Mas o melhor de tudo é o presidente
ser desmoralizado na risada
por quem faz poesia como a gente. 

Ele nos fode a cada canetada, 
mas eu, usando só o poder da mente, 
espeto-lhe o loló com minha espada. 

*

Achincalhado

Não querem que avacalhe? De que jeito,
se são os próprios caras que na imagem
da casa cagam, como putas agem
e só papel ridículo têm feito? 

Além de legislar sempre em proveito
do bolso e de outros próprios, sacanagem
maior vem da propina e da vantagem
por fora, do indevido e do suspeito! 

Ali, tem "comissão" duplo sentido,
de grupo que investiga e de caixinha,
mas só pejorativo ele tem sido:

Suborno, em si, se é prática mesquinha,
pior ainda é quando este bandido
inquire aquele e arquiva a "picuinha"! 

*

Destrambelhado

Perdendo a paciência, ultimamente, 
me vejo com políticos!
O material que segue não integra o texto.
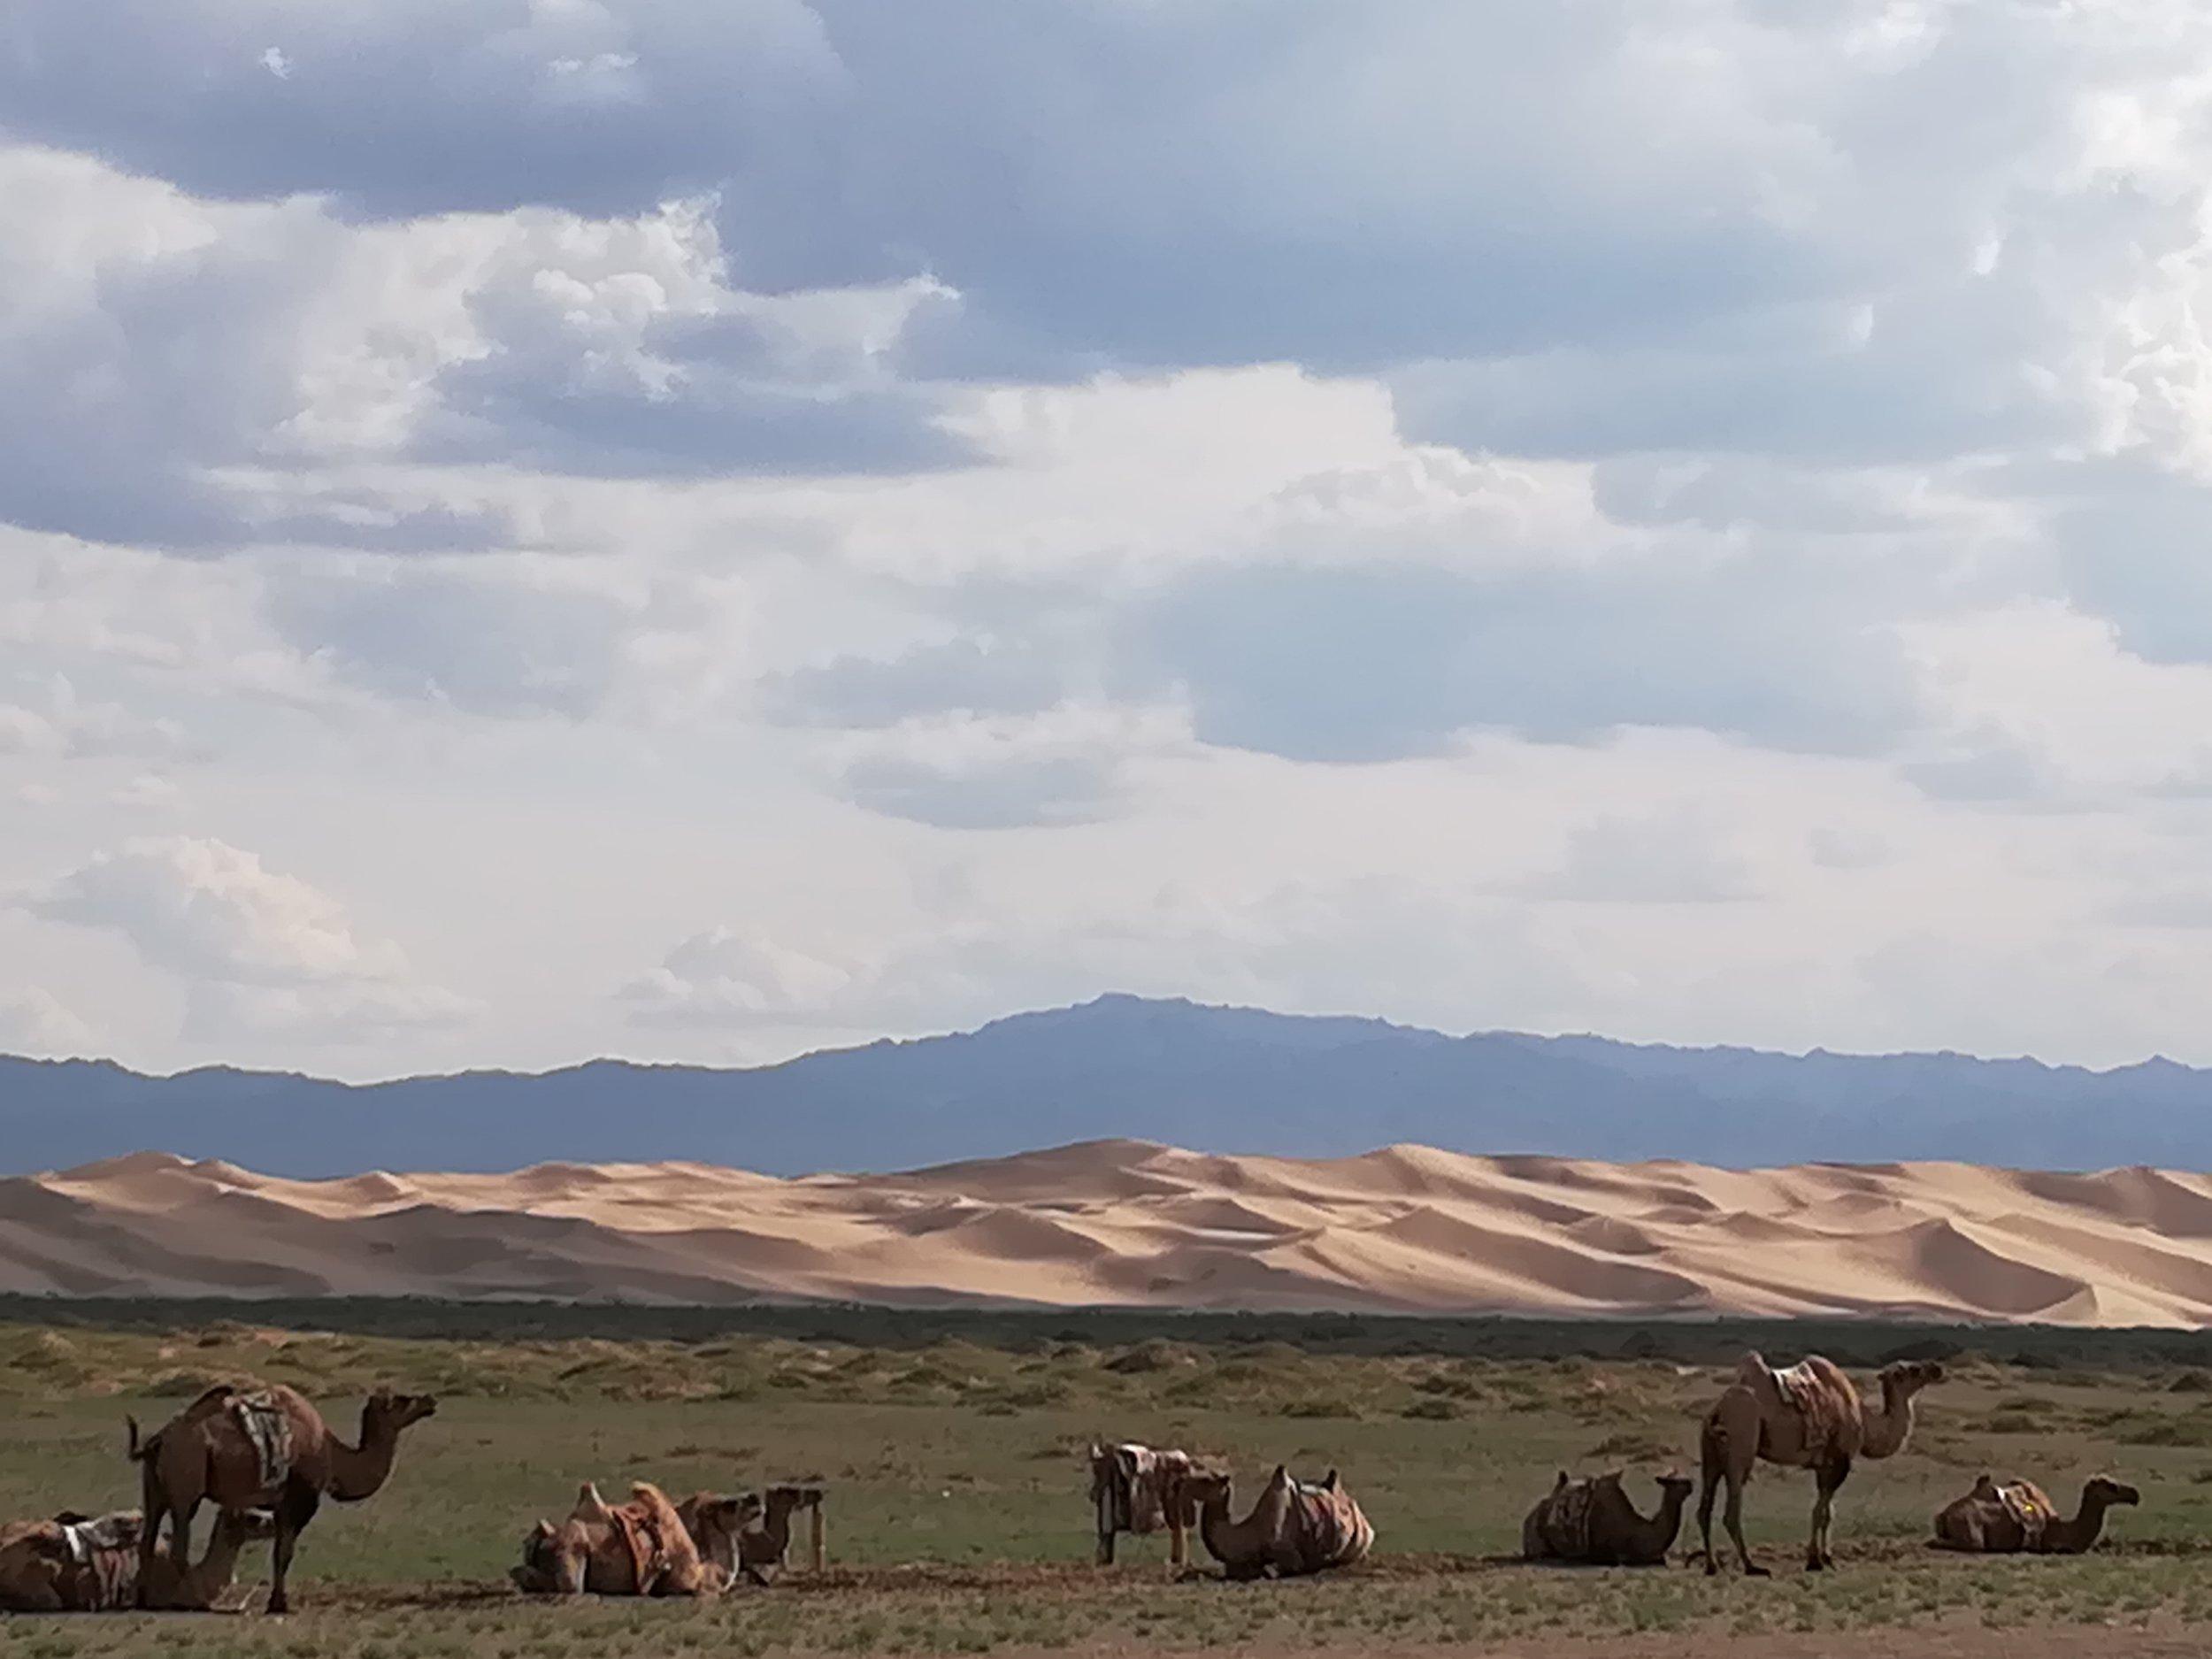 Sand dunes on the horizon

Parece
até que antigamente a gente esquece
de tanta falcatrua e já nem sente!

Mas hoje há mais razão pra que se atente
aos métodos daninhos de quem tece
a teia financeira, que carece
duma investigação profunda e urgente. 

Sabendo que a devassa nunca sai
e vendo que o dinheiro vai sumindo,
acabo expondo a raiva que me trai! 

Se pego um desses caras, vai ser lindo
o jeito com que o mato! Ó Deus, me dai
a chance, que o rancor conservo, infindo!

*

Dialético

A síntese do avanço consciente 
é aquele velho método sagaz
que preconiza dar um passo atrás
a fim de dar dois passos para a frente.

A tese se apresenta incoerente,
mas a contradição já se desfaz 
em face da estratégia, que é de paz,
embora lembre a marcha combatente. 

Antítese do avanço é o retrocesso, 
ao obscurantismo associado, 
e nesse ponto exato me interesso.

Questão de ordem faço deste dado:
tão logo fiquei cego, o passo meço;
tropeço, mas não caio: adianto o lado. 

*

Antológico

As frases memoráveis da República
deviam ter, na pedra ou voz gravada,
registro, qual legenda avacalhada
num filme de comédia ou cena lúbrica.

"Prometo que agirei na vida pública
da mesma forma que ajo na privada!";
ou: "Fi-lo porque qui-lo", tão surrada;
ou: "Não me deixem só!", suprema súplica.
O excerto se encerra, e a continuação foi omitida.